Description of problem: When implementing multi-stage VDDK import, a list of checkpoints has been added to the DataVolume spec.source. The current implementation expects a snapshot Managed Object Reference (MORef). This works well, but the number of snapshots progressively increases until the maximum number of snapshots. The limit is low, so this means that for long warm migrations, the interval between snapshots needs to be increased. This leads in turn to bigger deltas to copy over. The idea is to delete snapshots when they are not needed anymore to keep at most 2 snapshots and allow any value for the snapshots interval. To allow that, VMIO or MTV can get the Change ID associated to the snapshot, and then delete the snapshot. The Change ID would then be passed to CDI as a checkpoint.

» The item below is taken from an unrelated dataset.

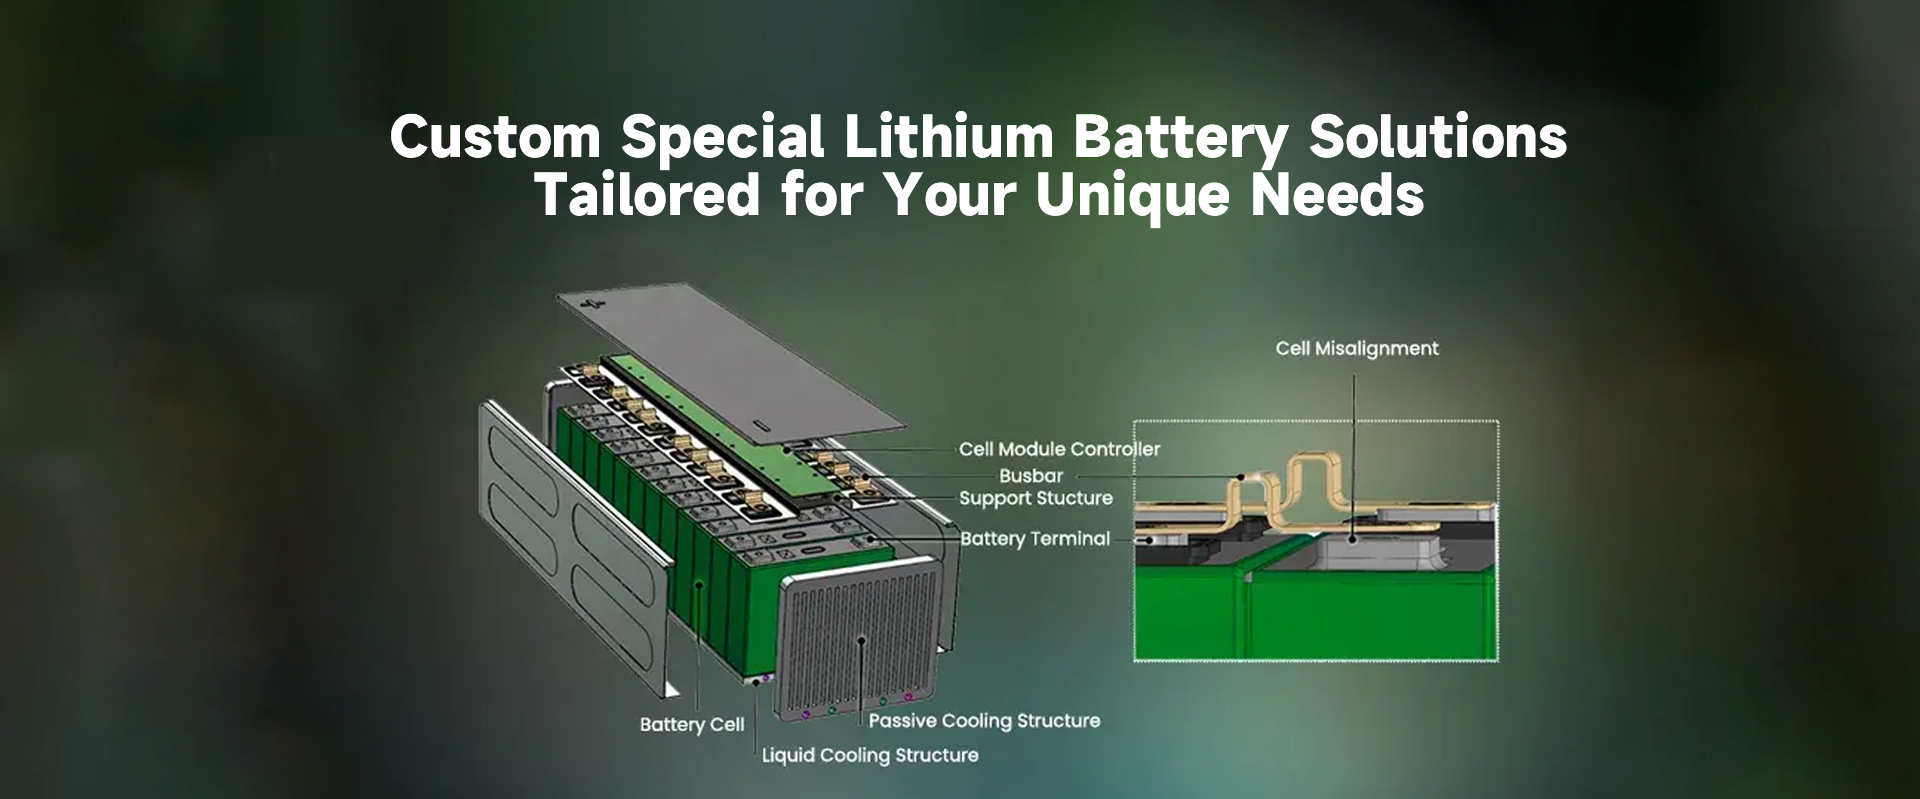 Soluzioni speciali personalizzate per batterie al litio

The logic in the VDDK importer would need to check the string format to identify whether the checkpoints are Snapshot MORrf or Change ID, and adjust its behavior accordingly.
Please verify with hco-bundle-registry-container-4.9.1-15 / iib:132476, or later.
It's missing a backport PR and is not available in 4.9.1 yet. Moving back to MODIFIED.
Please verify with hco-bundle-registry-container-v4.9.1-21 / iib:132758, or later.
Fabien, How this bug should be verified please?
To verify, you need to pass Change IDs as checkpoints to the DataVolume, instead of Snapshot MORef. @marnold, could you please explain how to get the Change IDs and update the DataVolume?
I don't know if QE normally tests CDI directly like that. It seems like it should also be valid to run a warm migration from MTV and watch the DataVolume to make sure it is using change IDs instead of snapshot IDs. The list is in spec.checkpoints, and the field to watch is "previous". I think it will only show change IDs starting with the second iteration. (I can also supply a way to directly test CDI if this isn't good enough). To get the change ID without building any extra tools, the easiest way I have found so far is to use the VMware object browser. The path looks like: "content" -> "rootFolder" -> select data center under "childEntity" -> "vmFolder" -> target VM under "childEntity" -> "snapshot" -> "rootSnapshotList" -> target "snapshot" link -> "config" -> "hardware" -> find correct "VirtualDisk" object under "device" -> "backing". The change ID should now be under the "changeId" field, and it should look something like "52 eb 6a a1 07 46 85 f7-36 a9 46 0e b2 a6 20 27/107".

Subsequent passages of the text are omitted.